Primrose had been caught up on the ministries’ history by more than a few chatty Enclave associates and it was no secret in the Pillar that there had been early signs that Pinkie wasn’t going to be up to the task of keeping a war weary nation thinking happy thoughts. Following the bombing of Sugarcube Corner that killed the family who had once been her employer and oldest friends, Pinkie had fallen into herself. Some argued that she’d already been struggling after witnessing the violent death of Tirek, but the murder of her surrogate family had been a tipping point. The light had gone out of her, but with the onset of war it fell on her shoulders to carry on and keep smiling. Rarity, tasked with maintaining the facade that everything was fine within Equestria’s strained government, had effectively absorbed the Ministry of Morale’s operations overnight.
It certainly explained the decor. Two doors sat in black frames on either side of the professionally lit ministry logo. She approached the door on the right and looked up at the glass dome mounted above it. She said nothing as Millie silently scanned her, and the door’s deadbolt released with a thud.
She couldn’t particularly relate to Pinkie’s situation. All her life she’d been alone, save for an absent mother and a father who lived his life trying as hard as he could to rewrite the drunk dad stereotype. Abandonment wasn’t in her vocabulary because she’d always been trying to run away. But Pinkie Pie, she’d spent the last half decade living the word down to the syllable. Of course no one was going to say something like it out loud, but it was clear to anyone with eyes that Pinkie Pie was a friendless old mare.
But not for much longer.
Primrose trotted down one stately corridor, then another, pausing once to ask a passing mailpony whether she was headed the right way. The cockeyed mare parked her mailcart against the flagstone wall and confirmed she was on the right track even as she lifted and promptly dropped a stack of manilla envelopes on the floor. Primrose offered to help but was waved off by the fellow pegasus, assuring her that this was just part of her process. Unsure what that meant, She left the mare to her letters and followed the directions until she found the door she was looking for. It stood midway down the hall, a simple wooden slab that belied the reinforced steel core underneath. One of the upsides of being a ministry mare. Their offices were essentially a bunker within a bunker.
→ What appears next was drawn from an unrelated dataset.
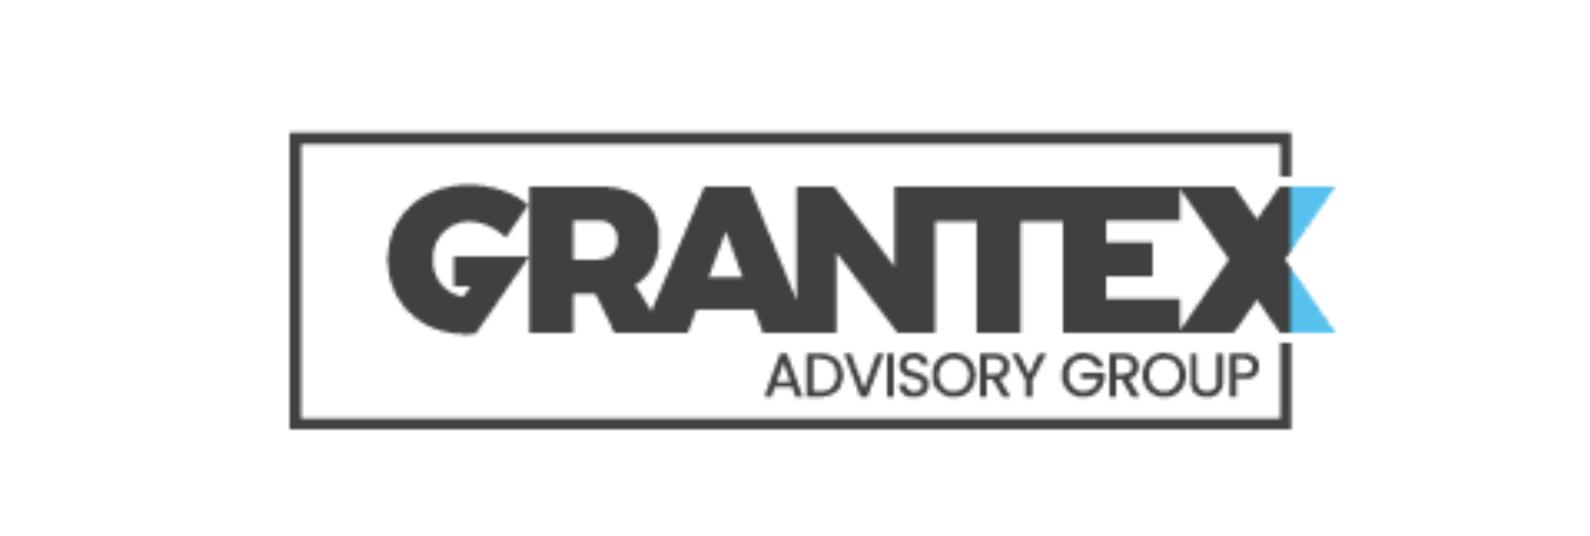 grantex-logo

Her name glittered on a simple brass plaque screwed into the flagstone. It wasn’t much, and odds were it was all that Rarity would allow. Primrose lifted her hoof and gave the door three firm raps. A trio of chatting stallions shot her some curious looks as she stood at Pinkie’s door trying to decipher the muffled noise she heard on the other side. She knocked again, this time a little harder.
“I said come in!” came a voice from inside.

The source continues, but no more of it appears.